WORK INSTRUCTION
Begin at the line with "Luna takes first" and set down each line exactly until the listing ends. Images stay out.
INFORMATION SUPPLIED section start
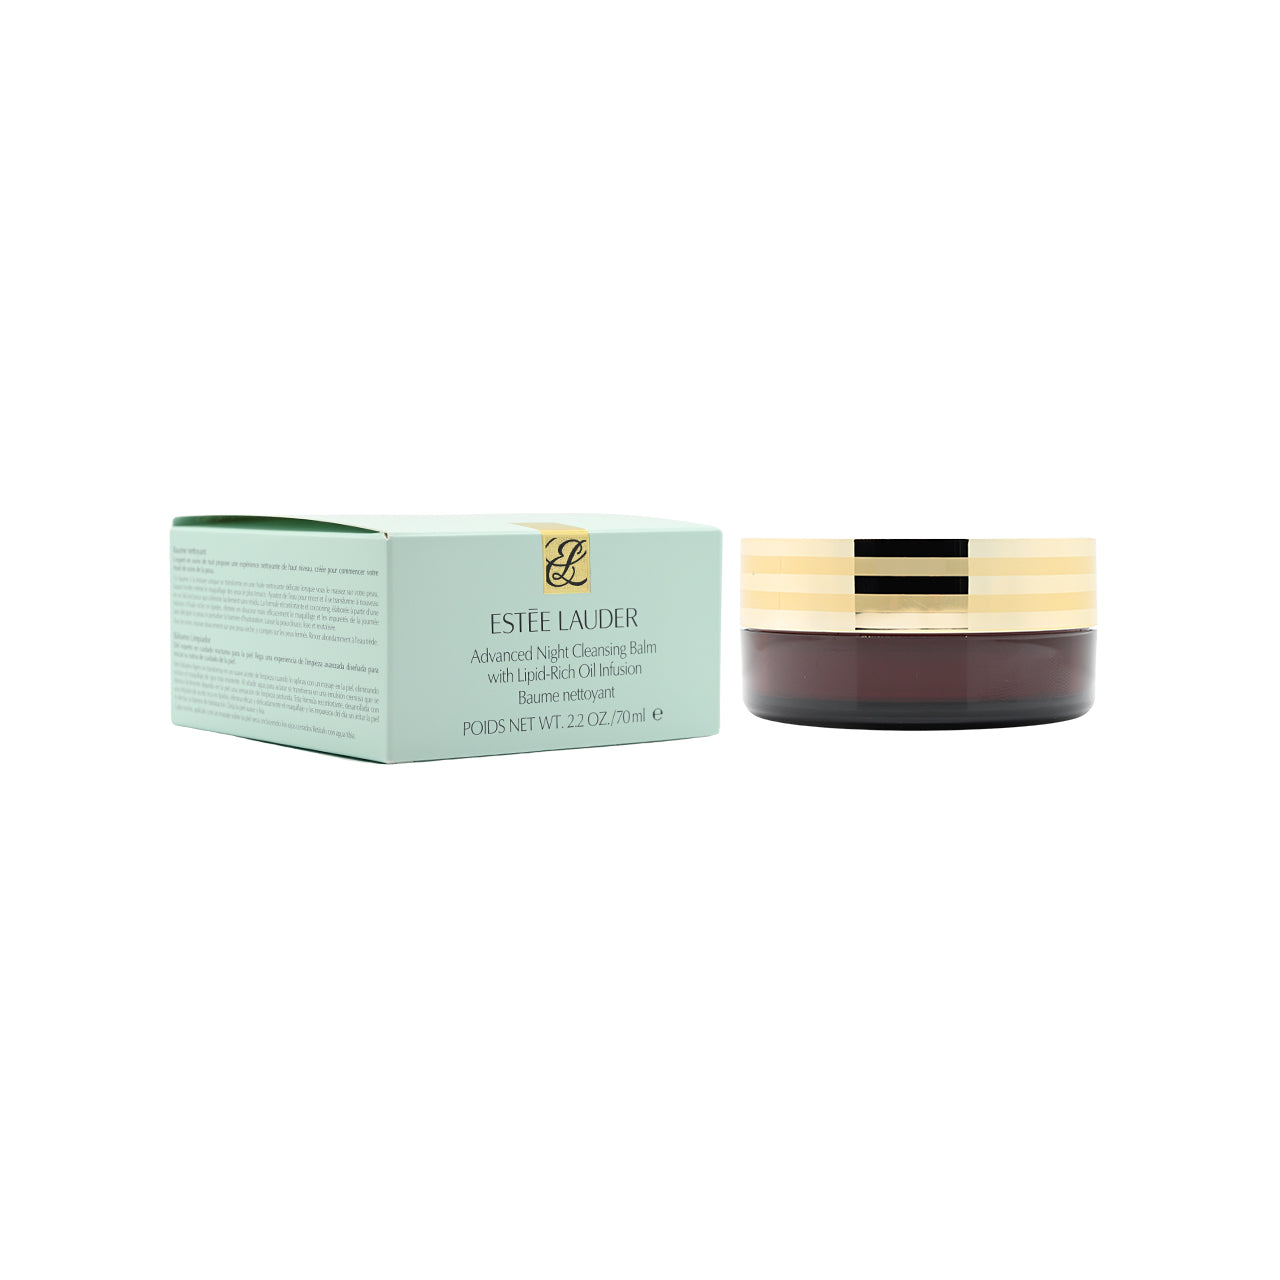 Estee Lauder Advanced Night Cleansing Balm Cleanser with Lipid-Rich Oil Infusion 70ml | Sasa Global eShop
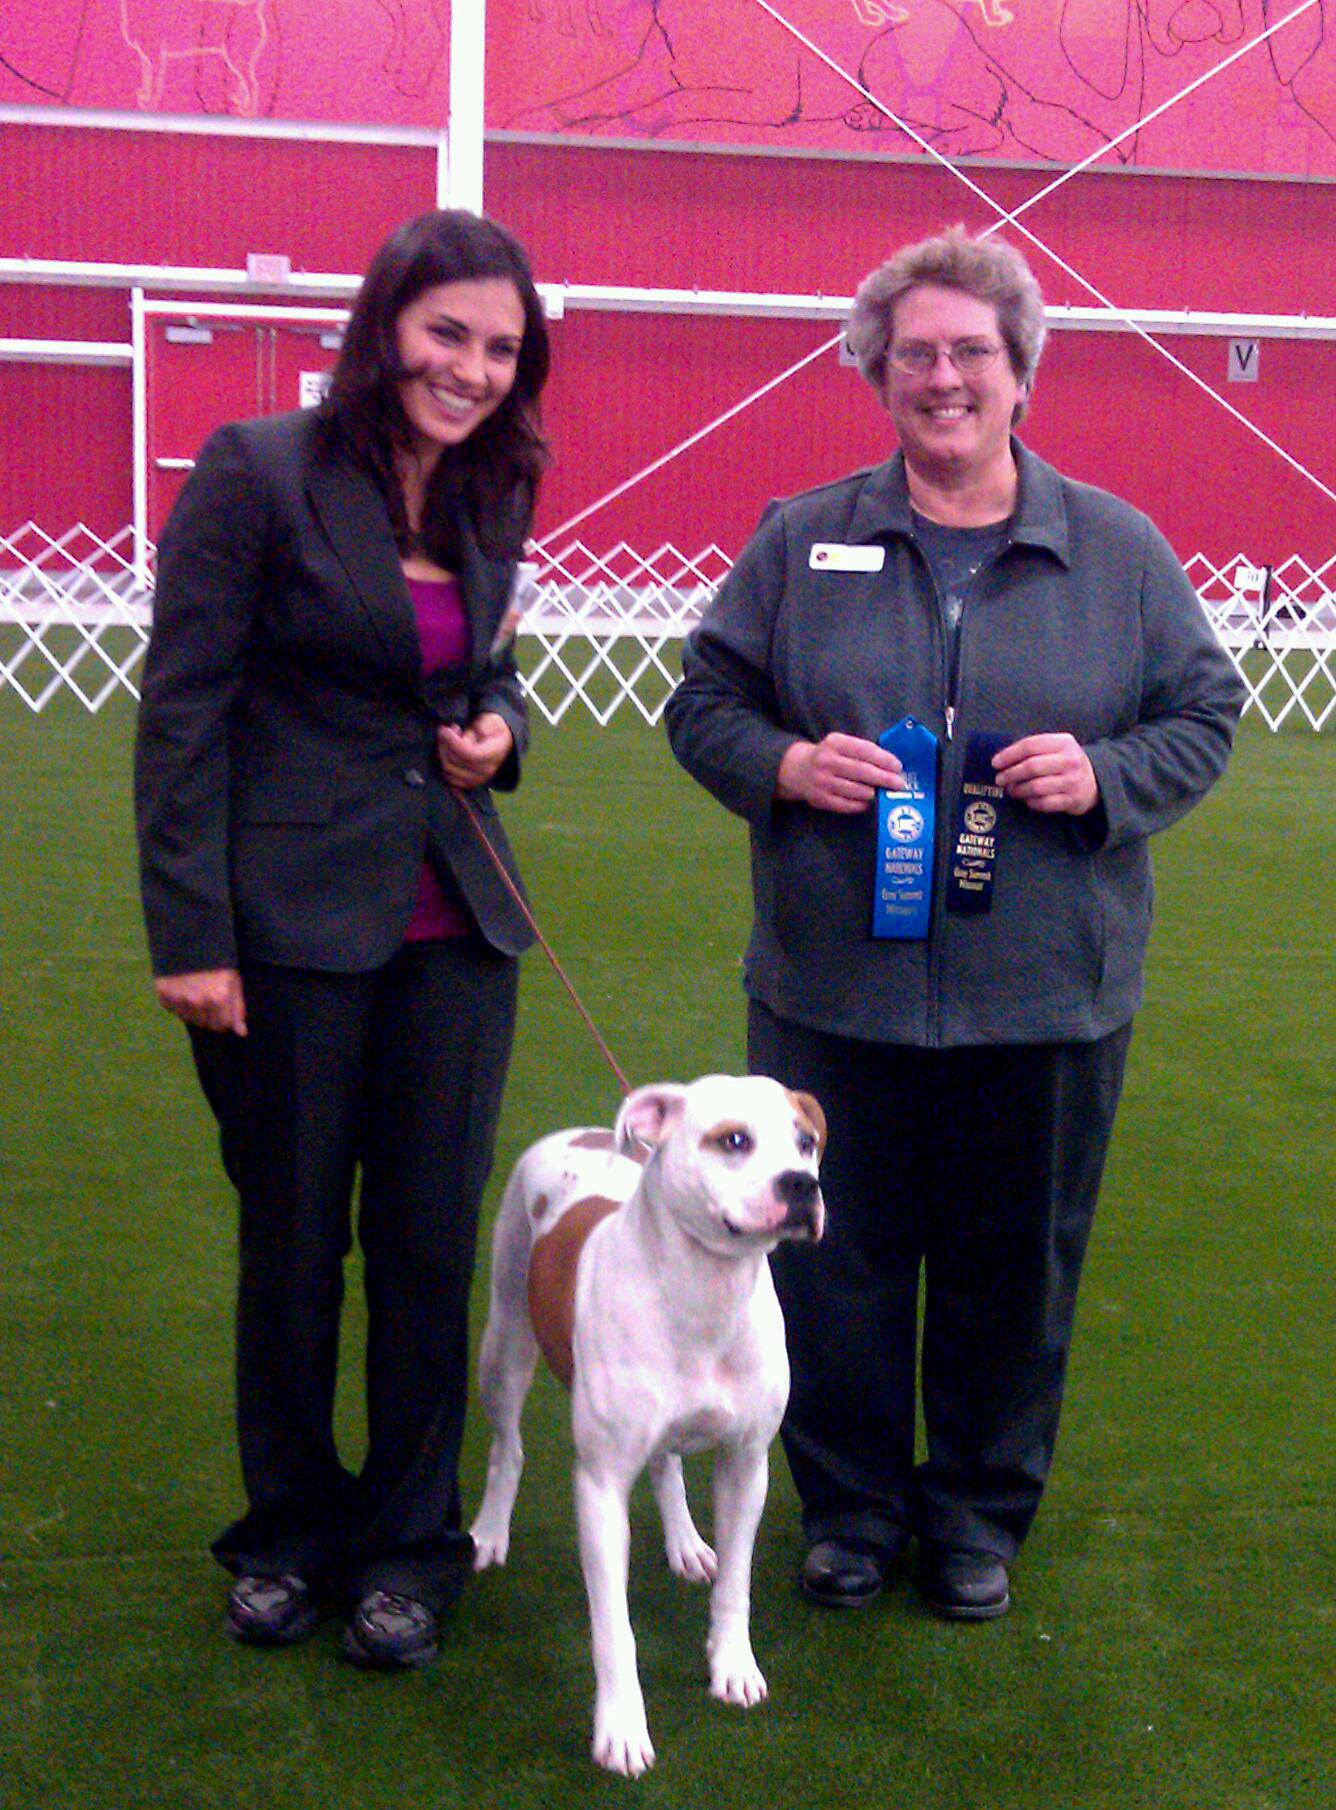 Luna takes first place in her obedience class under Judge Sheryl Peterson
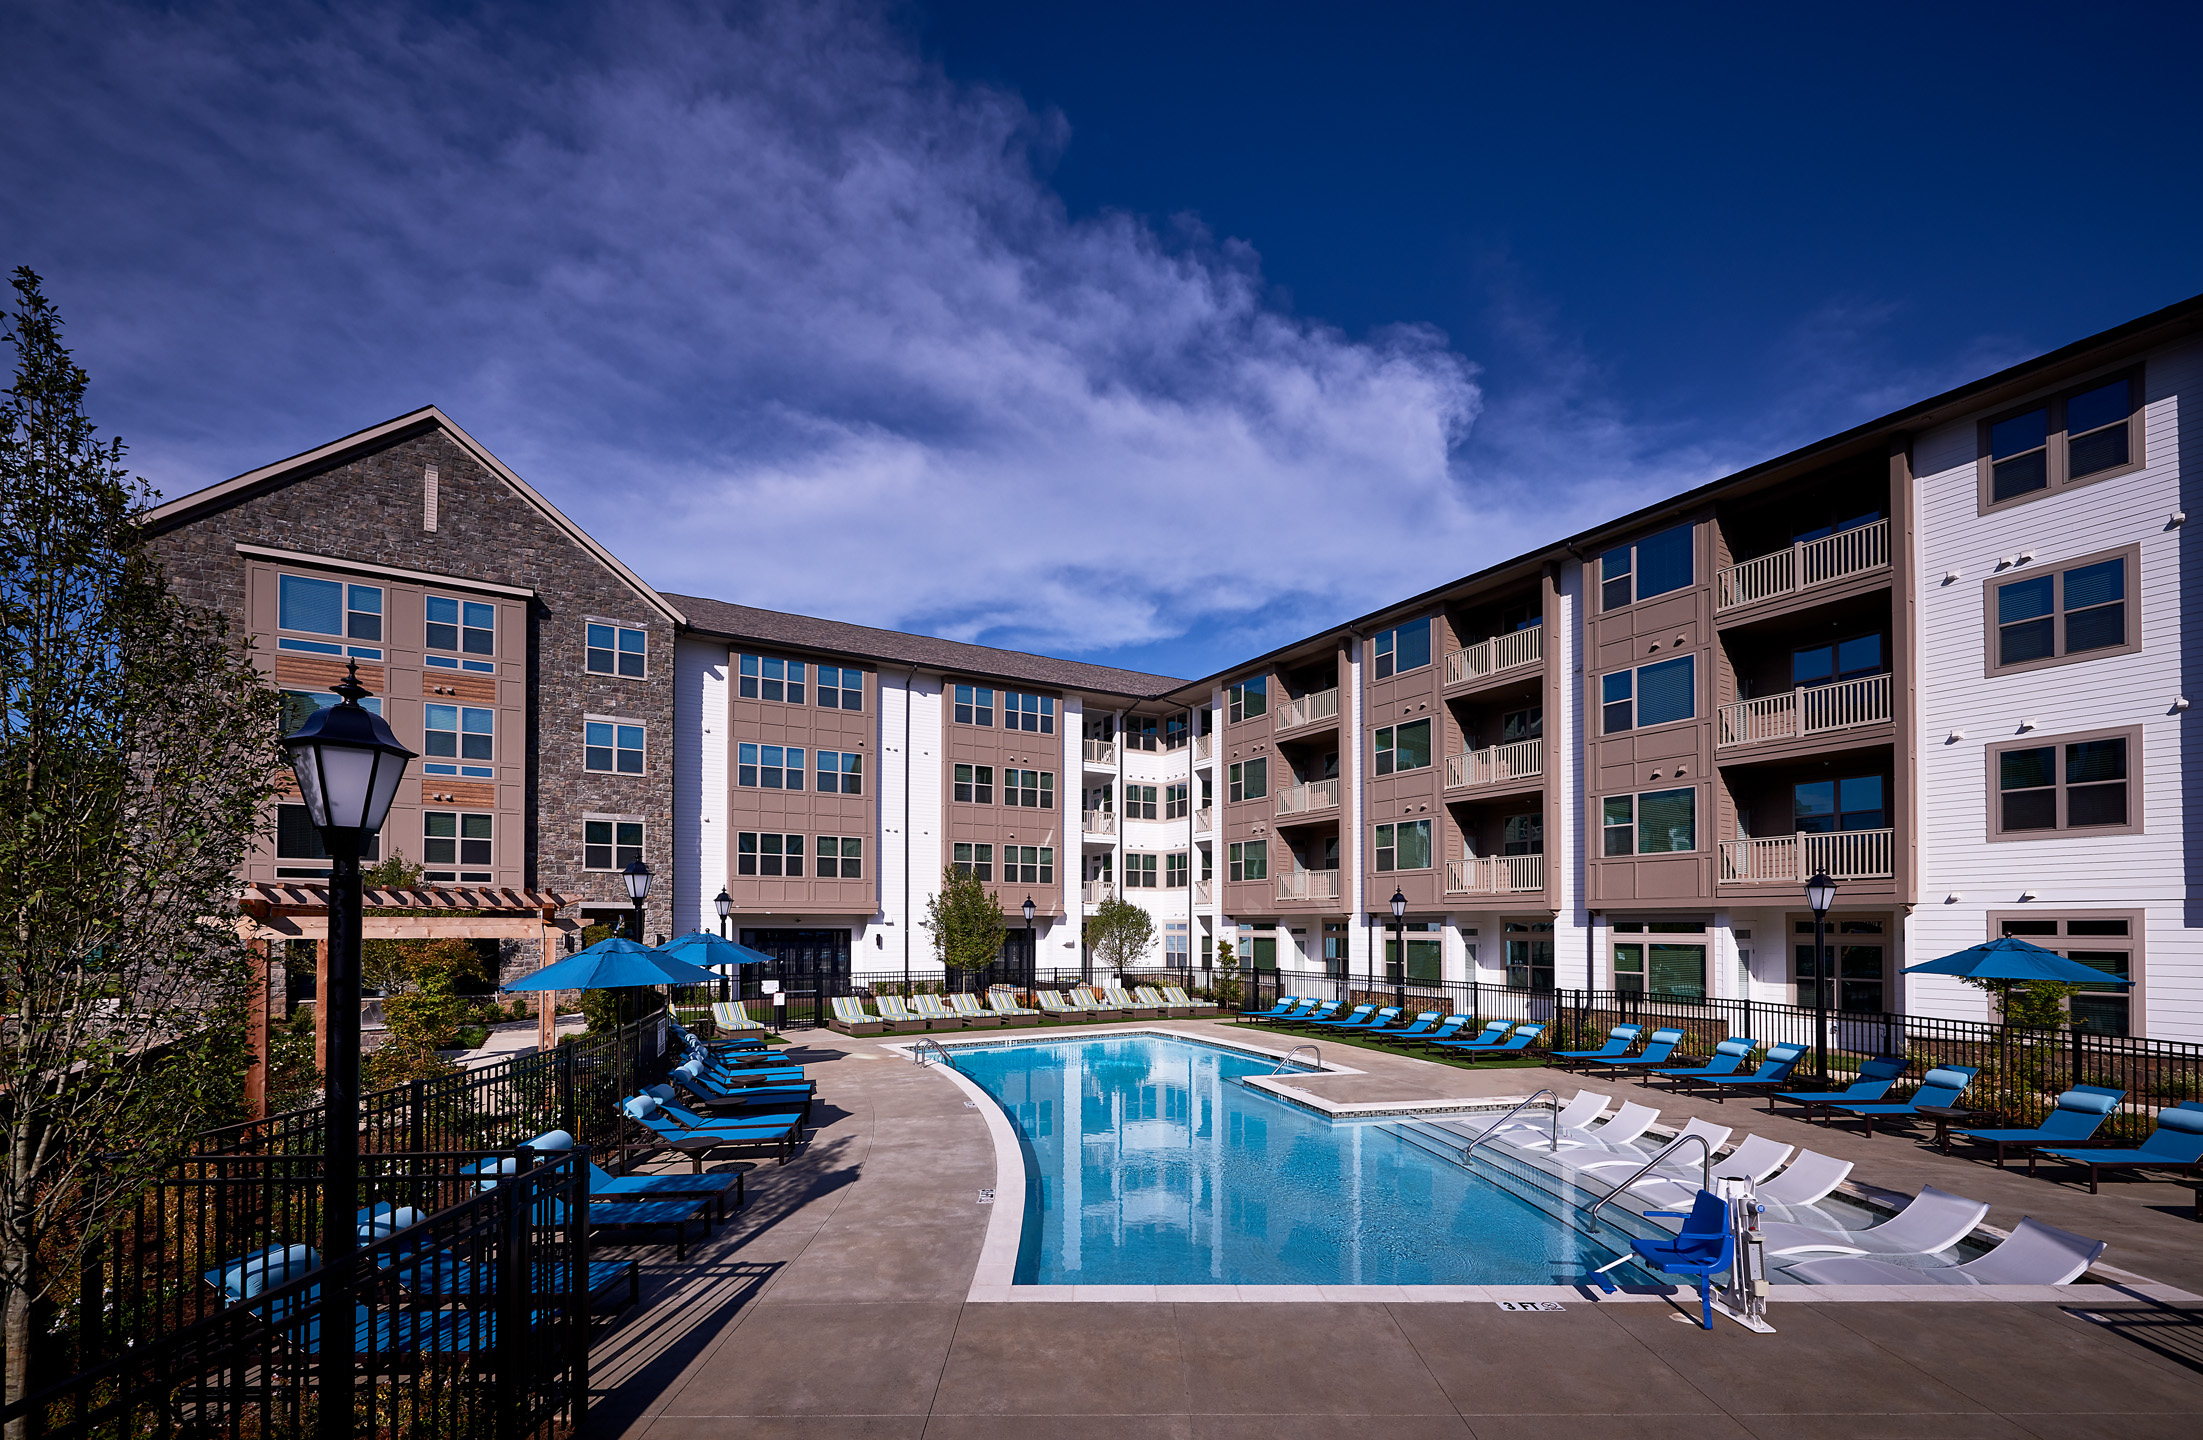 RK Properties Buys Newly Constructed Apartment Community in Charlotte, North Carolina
INFORMATION SUPPLIED section end
OUTPUT FOR THIS EXERCISE
 Luna takes first place in her obedience class under Judge Sheryl Peterson
 RK Properties Buys Newly Constructed Apartment Community in Charlotte, North Carolina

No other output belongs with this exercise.